3.2 Unção dos enfermos e o Corpo Escatológico: mudança de um modo de ser

3.2.2 Dilemas morais e o morrer em Brumal

A fim de ampliar as representações sobre a morte e o morrer para os católicos de Brumal, incluímos no roteiro de entrevista dois dilemas morais, que consideram, de um lado, morte, saúde e valores da cosmologia católica e, de outro lado, mudanças históricas ocorridas, por exemplo, o avanço da dinâmica científica. O primeiro dilema moral diz respeito ao aborto de bebês anencéfalos e o segundo, à eutanásia.

Sobre o aborto, cabe destacar os seguintes argumentos:

Conformista mulher: Aí só porque tá nova, fez o que não deve, vai e tira o menino, então assim, hoje em dia com o tanto de informação que tem, tanto de precauções existe, então eu não acho certo abortar não e outra também se a pessoa engravidou era pra engravidar eu penso assim. Então porque ela vai tirar? Num é certo isso, pra mim, e eu penso assim.
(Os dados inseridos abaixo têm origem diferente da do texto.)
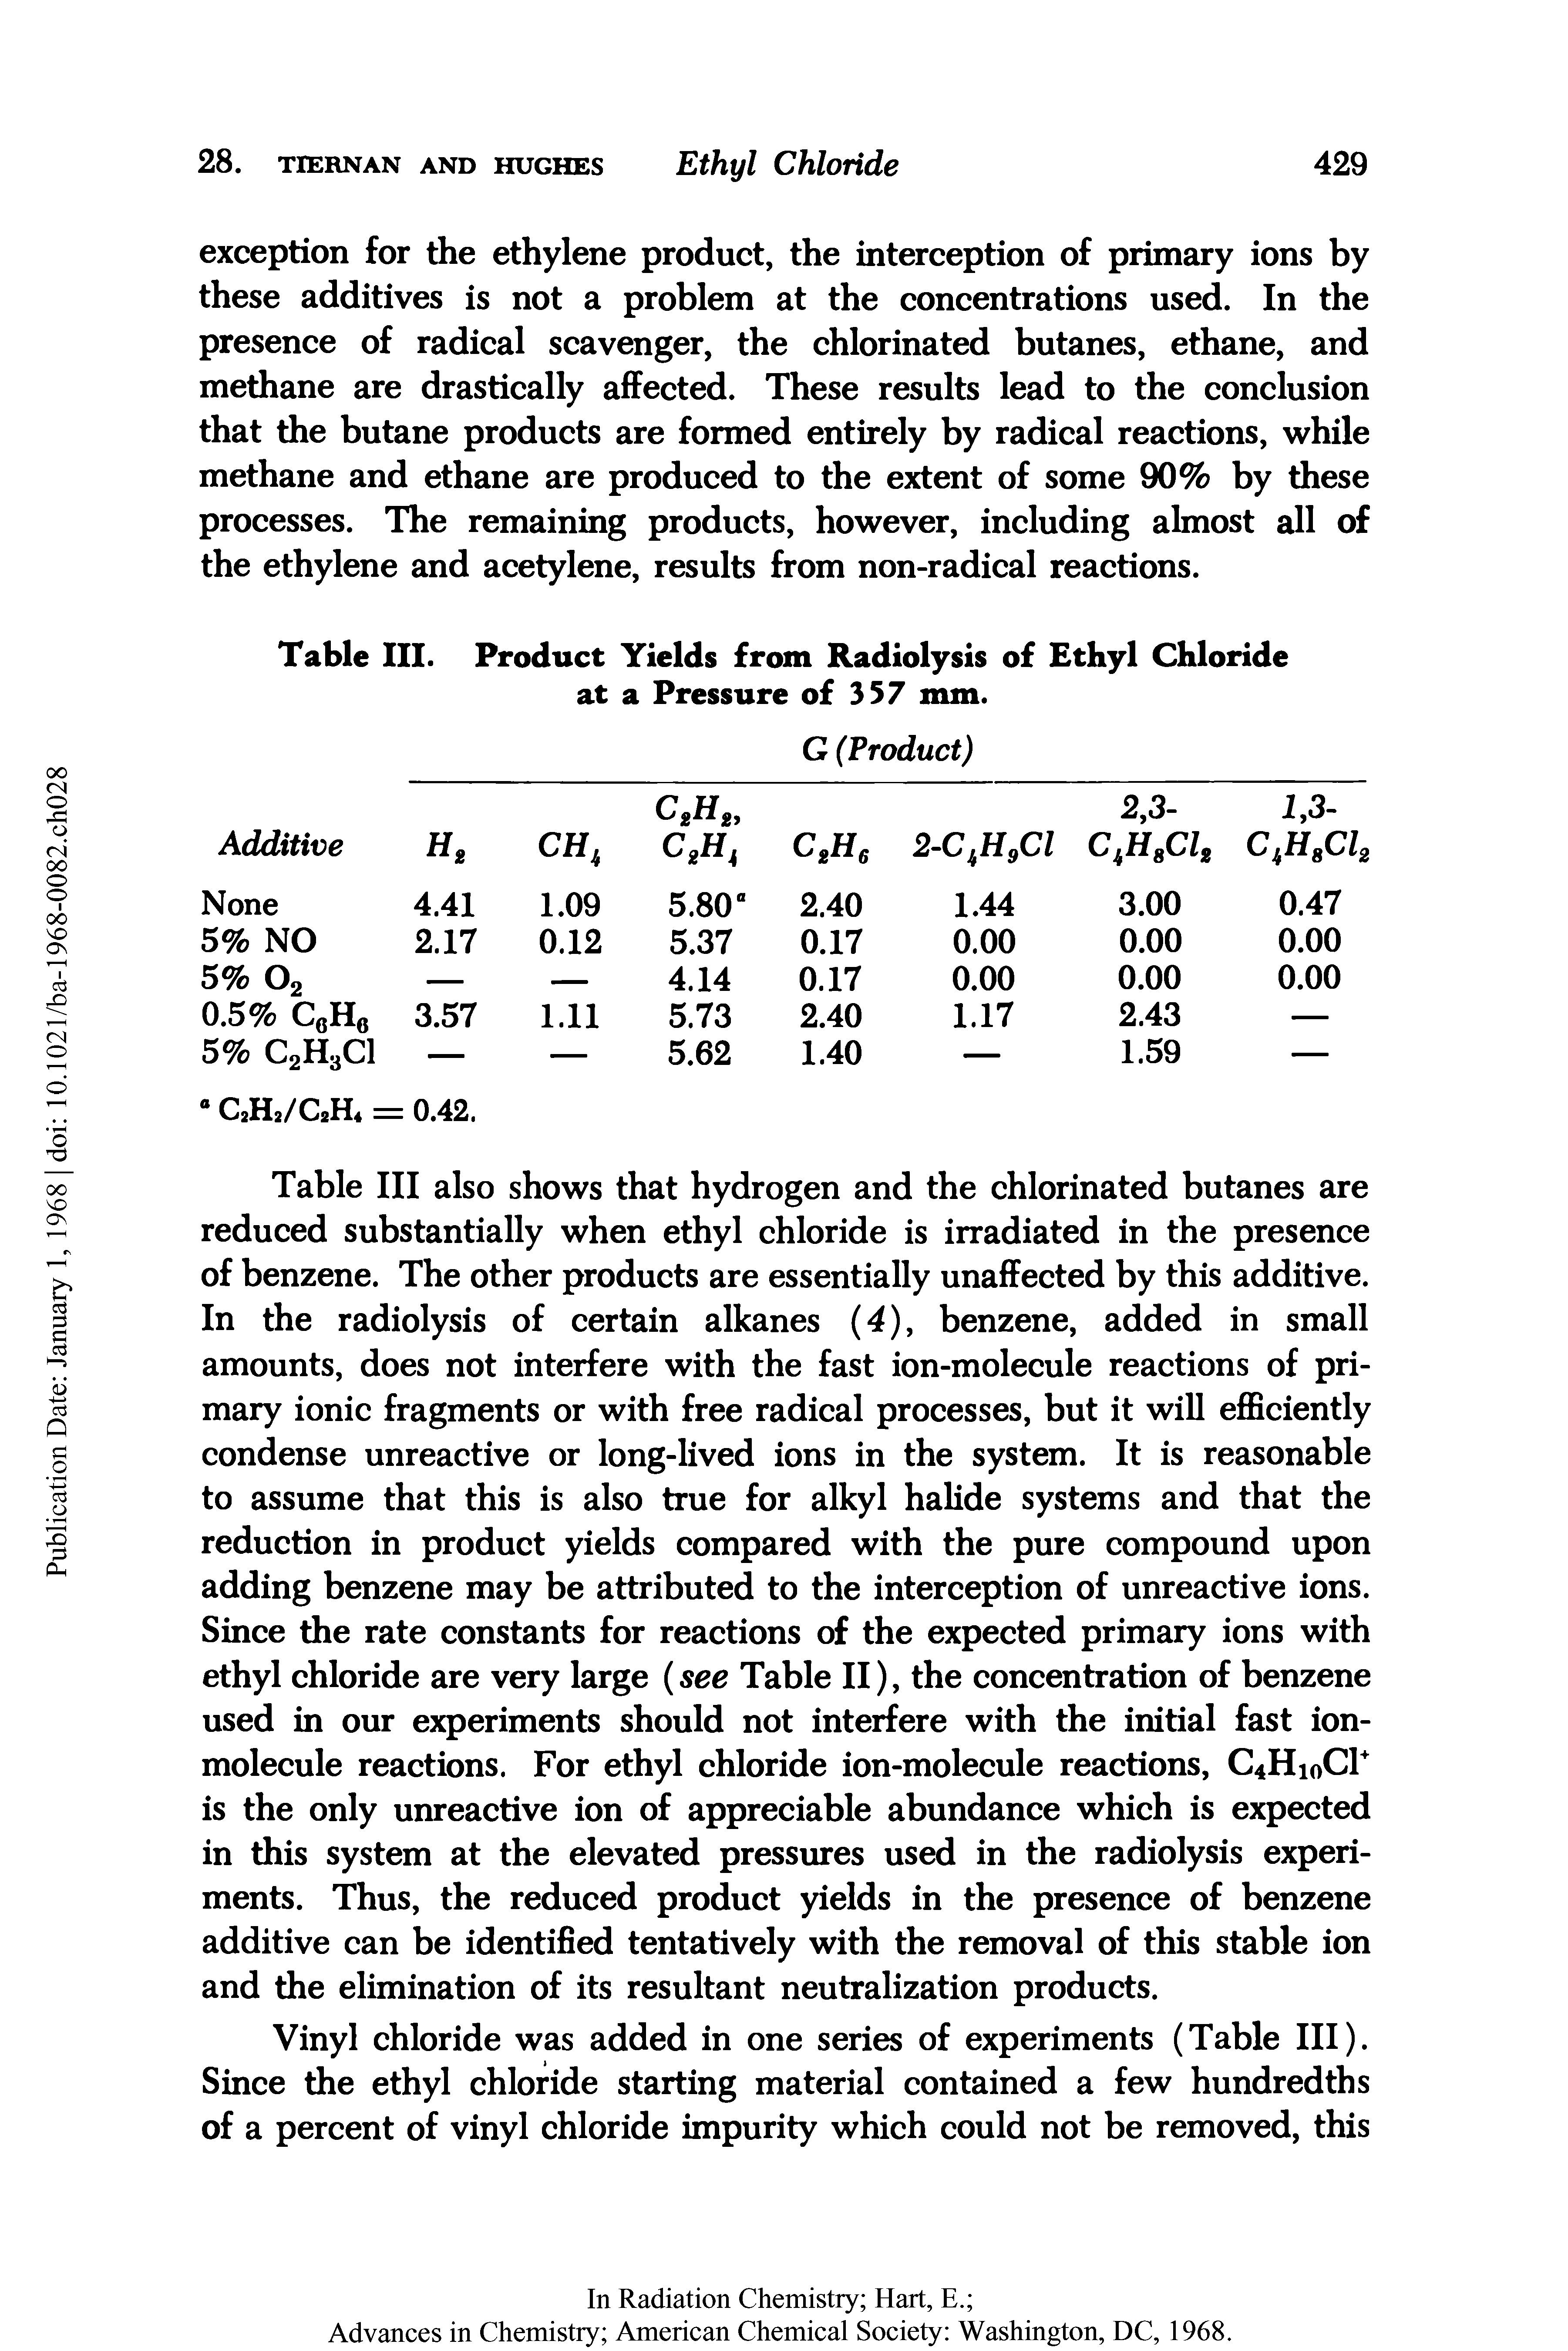 Table III also shows that hydrogen and the chlorinated butanes are reduced substantially when ethyl chloride is irradiated in the presence of benzene. The other products are essentially unaffected by this additive. In the radiolysis of certain alkanes (4), benzene, added in small amounts, does not interfere with the fast ion-molecule reactions of primary ionic fragments or with free radical processes, but it will efficiently condense unreactive or long-lived ions in the system. It is reasonable to assume that this is also true for alkyl halide systems and that the reduction in product yields compared with the pure compound upon adding benzene may be attributed to the interception of unreactive ions. Since the rate constants for reactions of the expected primary ions with ethyl chloride are very large (see Table II), the concentration of benzene used in our experiments should not interfere with the initial fast ion-molecule reactions. For ethyl chloride ion-molecule reactions, C4Hi0C1+ is the only unreactive ion of appreciable abundance which is expected in this system at the elevated pressures used in the radiolysis experiments. Thus, the reduced product yields in the presence of benzene additive can be identified tentatively with the removal of this stable ion and the elimination of its resultant neutralization products.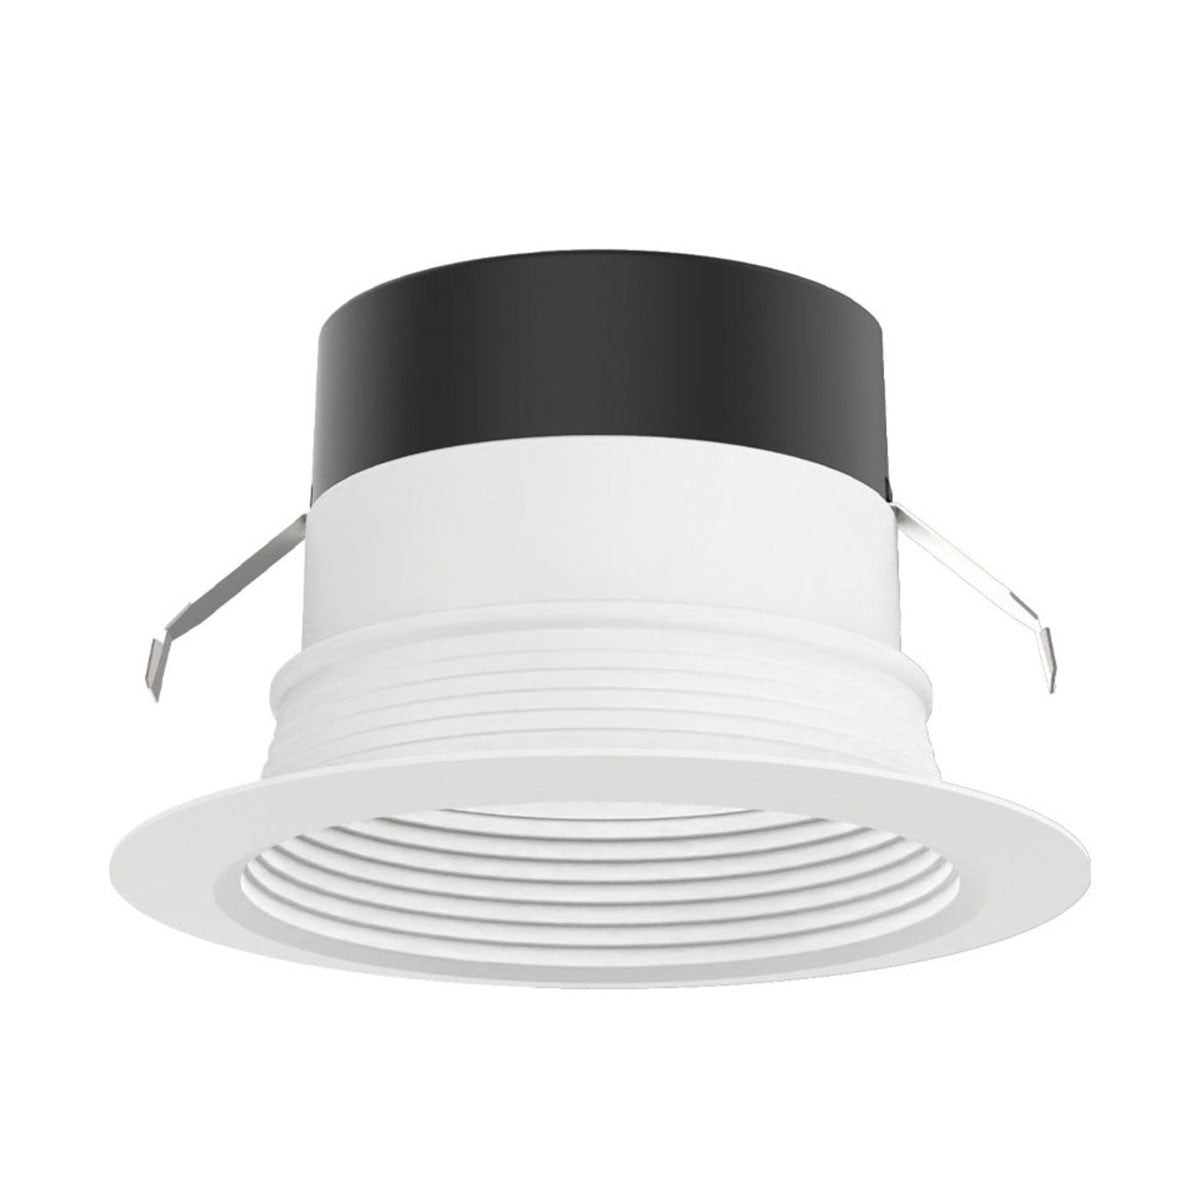 4 Inch Recessed LED Can Light, Round, 8 Watt, 700 Lumens, Selectable CCT, 2700K to 5000K, Baffle Trim

Conformista homem: Mesmo nessa situação eu sou contra ainda, porque a criança é uma alma pura, então ela não é culpada, ela merece nascer, viver, todo mundo tem esse direito. Falar que você é totalmente contra ou totalmente a favor é complicado. Observante mulher: Eu penso assim, tudo bem, vai morrer, eles foram muito na questão do risco para a mãe e que é inevitável a criança morrer, mas a gente vê que de vez em quando alguns casos tidos como inevitáveis aconteceram. E outra criança é sempre alegria, sempre une a família, independente se ela tem uma doença ou não. Aí você pega uma criança anencefela, a família vai se reunir e unir em torno dela. E também tem o sofrimento que edifica, por mais que seja difícil, mas de repente a criança vai dar uma alegria muito grande pra família.

Devoto: Voltando no que a bíblia diz: “eu vim para que todos tenham vida”, a igreja não aprova o aborto. Mas por outro lado, a gente tem que entender que será uma criança que vai vir sofredora, vai vir para vegetar, ela já vai nascer sem vida, vai levar risco para a mãe, então vale o aborto, mas isso sou eu quem acha [aparente confusão].

Devota: Eu sou contra, se Deus quis que o filho nascesse assim, é que essa condição era pra você passar, tudo tem um propósito e você vai entender isso com o tempo. Você, por exemplo, tudo que passou. Então eu acho que fazer isso, é ir contra a vontade de Deus. As pessoas, hoje acreditam muito na ciência, mas pra Deus nada é impossível e a ciência também é cheia de falhas. Enfim, eu não sou a favor do aborto em nenhuma situação, por que isso rompe com o que Deus quer, que é ser vida, dar a vida.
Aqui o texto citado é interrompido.